The Scales Of Justice

We are all familiar with “Lady Justice”–the statue of a blindfolded woman holding scales, intended to represent the dispassionate weighing of evidence leading to a just result.

The justice system has developed a number of rules governing how the “weighing and measuring” symbolized by those scales occurs. Rules against the consideration of hearsay, for example, are intended to exclude evidence that is essentially gossip–matters for which the person testifying cannot personally vouch.

Most people understand why courts disallow hearsay, or allow cross-examination. The reasons for other rules are less intuitive. As Paul Ogden has recently noted on his own blog, statutes of limitations fall into that latter category.

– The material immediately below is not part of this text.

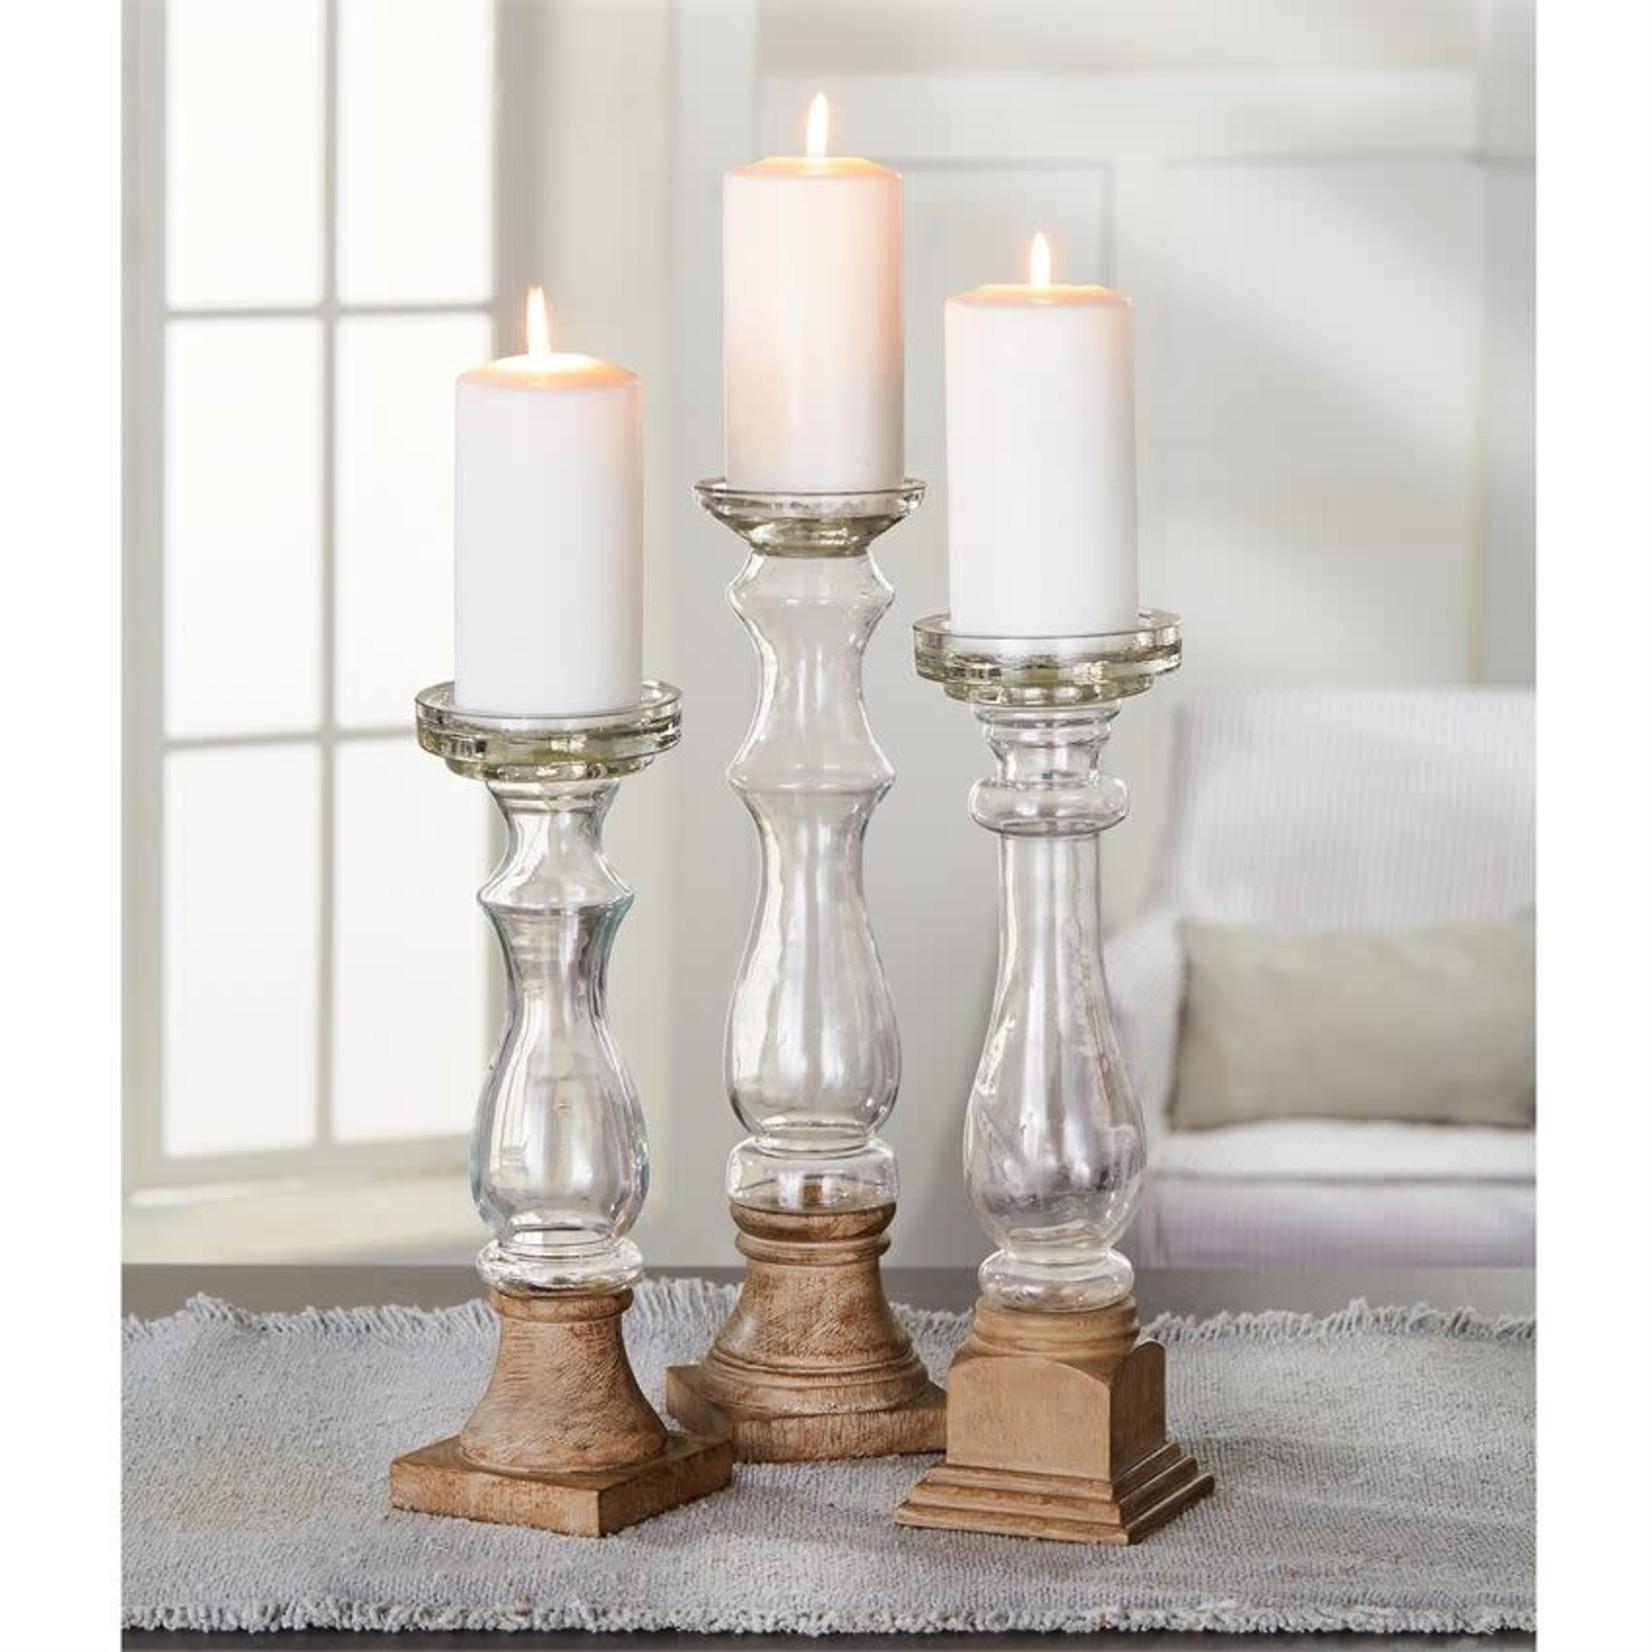 Glass & Wood Candlesticks

Ogden shares his concerns about a recent case brought by a woman against singer/songwriter Bob Dylan, alleging that he molested her when she was twelve years old– in 1965. 

Let’s think about this.

The “Me Too” movement ushered in a long-deferred accounting of the exploitation of women by men who were often in positions of power and/or privilege. “Me Too” has done a lot of good–but like so many overdue movements, it has had its share of excesses. The state of New York, in a recent effort to protect abused children (male or female), passed the New York Child Victims Act. Among other things, it temporarily expanded by decades the statute of limitations for child victims to bring civil lawsuits.  It also protected the identity of those bringing such lawsuits from disclosure–presumably, even the identity of plaintiffs who are now adults.

On the surface, it might seem that allowing individuals much more time to bring a lawsuit would advance justice. But as Paul points out, there are sound reasons for statutes limiting the time periods within which suits can be filed. As he notes, in 1965 “Lyndon Johnson was President, man had not yet stepped on the moon (1969), and seat belts were not yet required in cars (1968).  

As Paul also notes, extending or eliminating statutes of limitations can put accused people at a distinct disadvantage.  As time passes, memories fade, witnesses die, evidence gets lost, destroyed or simply buried by history.  Statutes of limitations exist to ensure that claims are litigated while the evidence is relatively fresh and the evidence proving or disproving the claim is still available.

In his post, Paul lists the specific allegations of the complaint and details the monumental difficulty of proving or disproving those allegations over 50 years later.

We can certainly debate the ideal time period within which lawsuits should be commenced, but declaring “open season” for such suits not only makes the achievement of certainty virtually impossible, it invites all sorts of mischief. Let’s say you were on a date in college, had a bit more to drink than was wise (but not enough to make you insensitive), and had consensual sex that you later regretted. As the years pass, you “remember” the incident a bit differently–perhaps as date rape. If your “assailant” comes into a lot of money later in life (perhaps through fame, perhaps through hard work, perhaps through inheritance–whatever), how tempting would it be to use the justice system to confirm your now-sincere but somewhat “adjusted” recollection of the event?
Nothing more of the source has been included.